Así pues, con trece años y llena de grandes dudas y temores, Granada se convirtió en la doctora de la Plantación Satterfield. Sin embargo, ese no fue el único cambio.

Tras la marcha de Polly, el tejido de la vida de Granada empezó a deshilacharse. Tal y como Polly había dicho, la serpiente bicéfala de la Libertad amenazaba desde el Norte. El señorito fue enviado precipitadamente a una escuela militar de Charleston. Poco después, la señora se marchó a vivir a Nueva Orleans, mientras que el señor partió en su caballo a luchar contra los yanquis.

—Volveré tan pronto como acabemos con los yanquis —gritó por todo el patio la mañana lluviosa en que se marchó—, ¡así que no dejes que se me enfríe la cena, Sylvie! —Erguido sobre la silla de montar, lucía su ridículo sombrero con la pluma de avestruz, mustia bajo la lluvia.

Granada se dio cuenta de que su actitud era pura apariencia ante los esclavos que pensaban que ese podía ser un buen momento para escapar. Cuando dio a Bridger las instrucciones sobre cómo dirigir la plantación, tenía la expresión angustiada de un hombre que parte hacia su propio funeral.

La vida siguió adelante, tejiéndose de un modo distinto, sin el señor y su familia. Granada atendía con diligencia a los enfermos y moribundos a todas horas del día y de la noche. En ocasiones se desplazaba en mula a los poblados, con el morral de cuero del señorito colgado al hombro y lleno de todo lo que había visto a Polly meter en su saco.

Polly siempre parecía estar presente, observando y escuchando. Mientras Granada trabajaba en una pierna rota o en el diagnóstico de un feo sarpullido, sentía las manos de Polly guiando las suyas. En momentos de dificultad, Granada recurría a esa petulante vieja voz que tenía en la cabeza, y que le enseñaba y le daba instrucciones con severidad.

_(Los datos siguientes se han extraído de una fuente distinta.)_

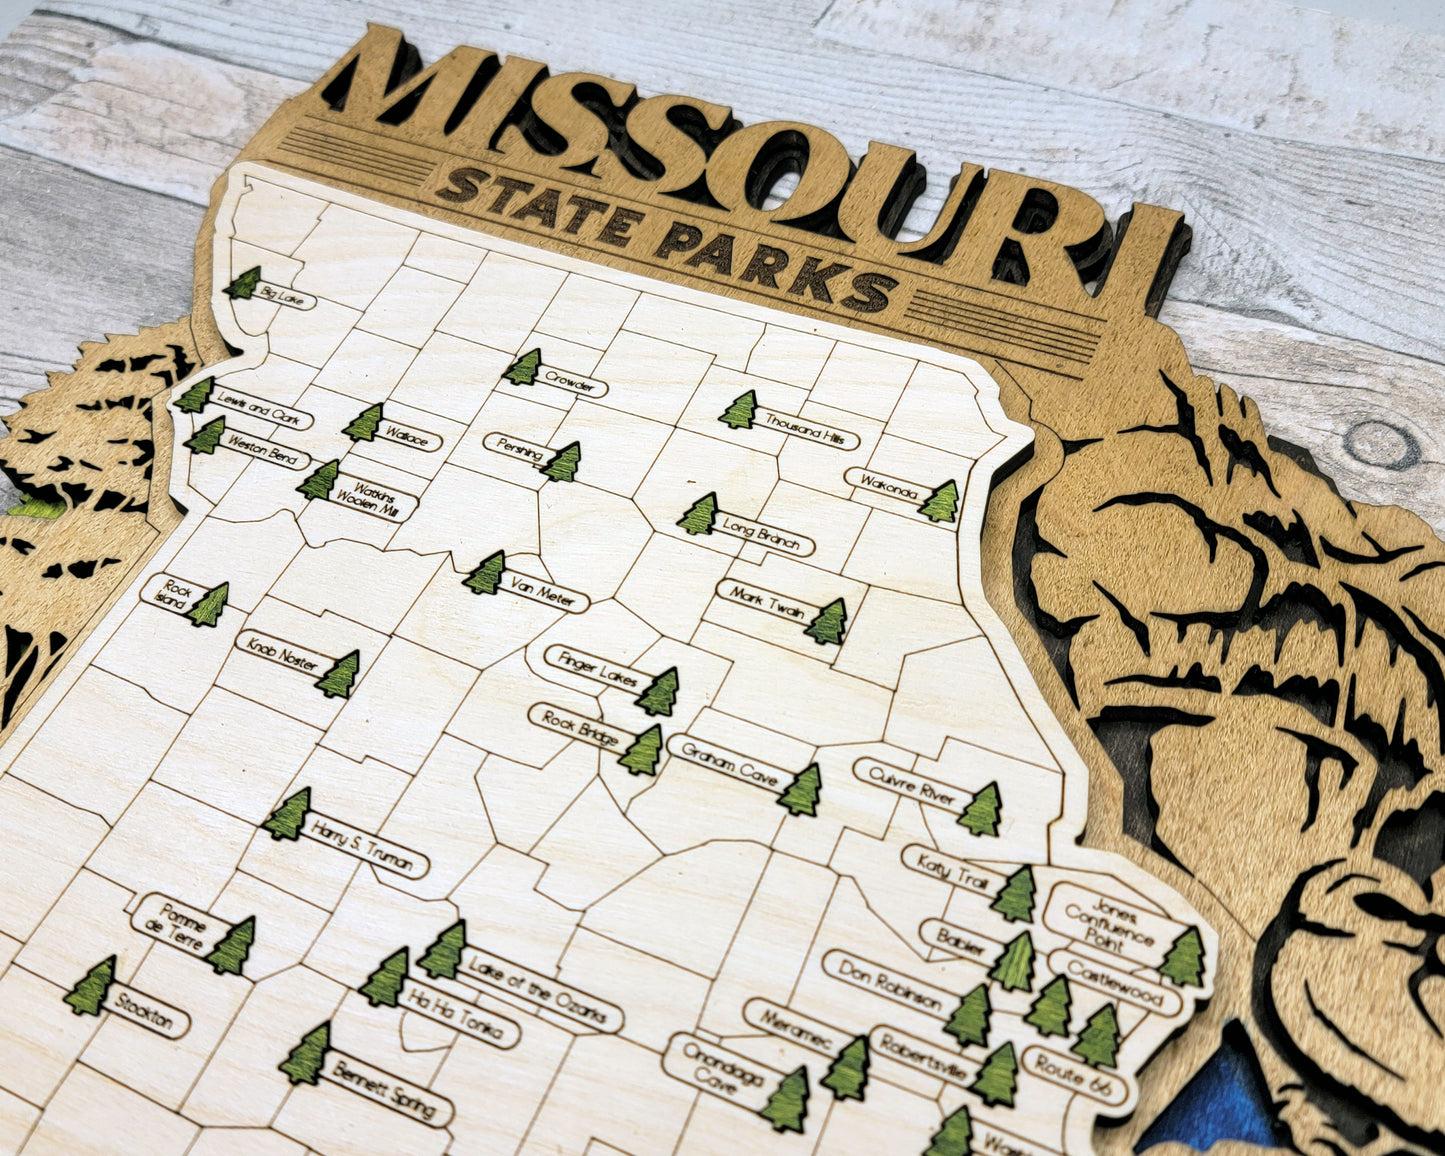 Missouri State Park Travel Map

La presencia de Polly era particularmente fuerte los días que Granada pasaba estudiando la Biblia encuadernada con bisagras de latón, en la que la anciana había anotado sus curas y sus métodos junto a los versículos pertinentes. Granada solía levantar la vista del libro, esperando ver a Polly al otro lado de la habitación, sentada en la mecedora de asiento de mimbre, murmurando para sí. A veces Granada cerraba los ojos, tratando de captar las palabras.

Sin embargo, había una cosa que Polly no le había enseñado, justamente la que más deseaba saber. Tarde o temprano tendría que hacer frente a algún nacimiento. A la vez lo que más temía y el momento más esperado.

Durante meses, nadie se molestó en avisarle cuando una mujer se ponía de parto, y Granada supuso que se debía a que tenían tantas dudas sobre su capacidad como ella misma.

Cuando por fin la llamaron una fría noche de febrero, la encontraron junto a la chimenea del hospital, leyendo la redondeada letra de Polly. Uno de los supervisores de Bridger le pidió que saliera al porche.

—Una muchacha de Burnt Creek está a punto de parir —anunció montado en su yegua—. Debe de haber algún problema porque las mujeres de allí no dejaban de gritar que viniera a buscarte enseguida.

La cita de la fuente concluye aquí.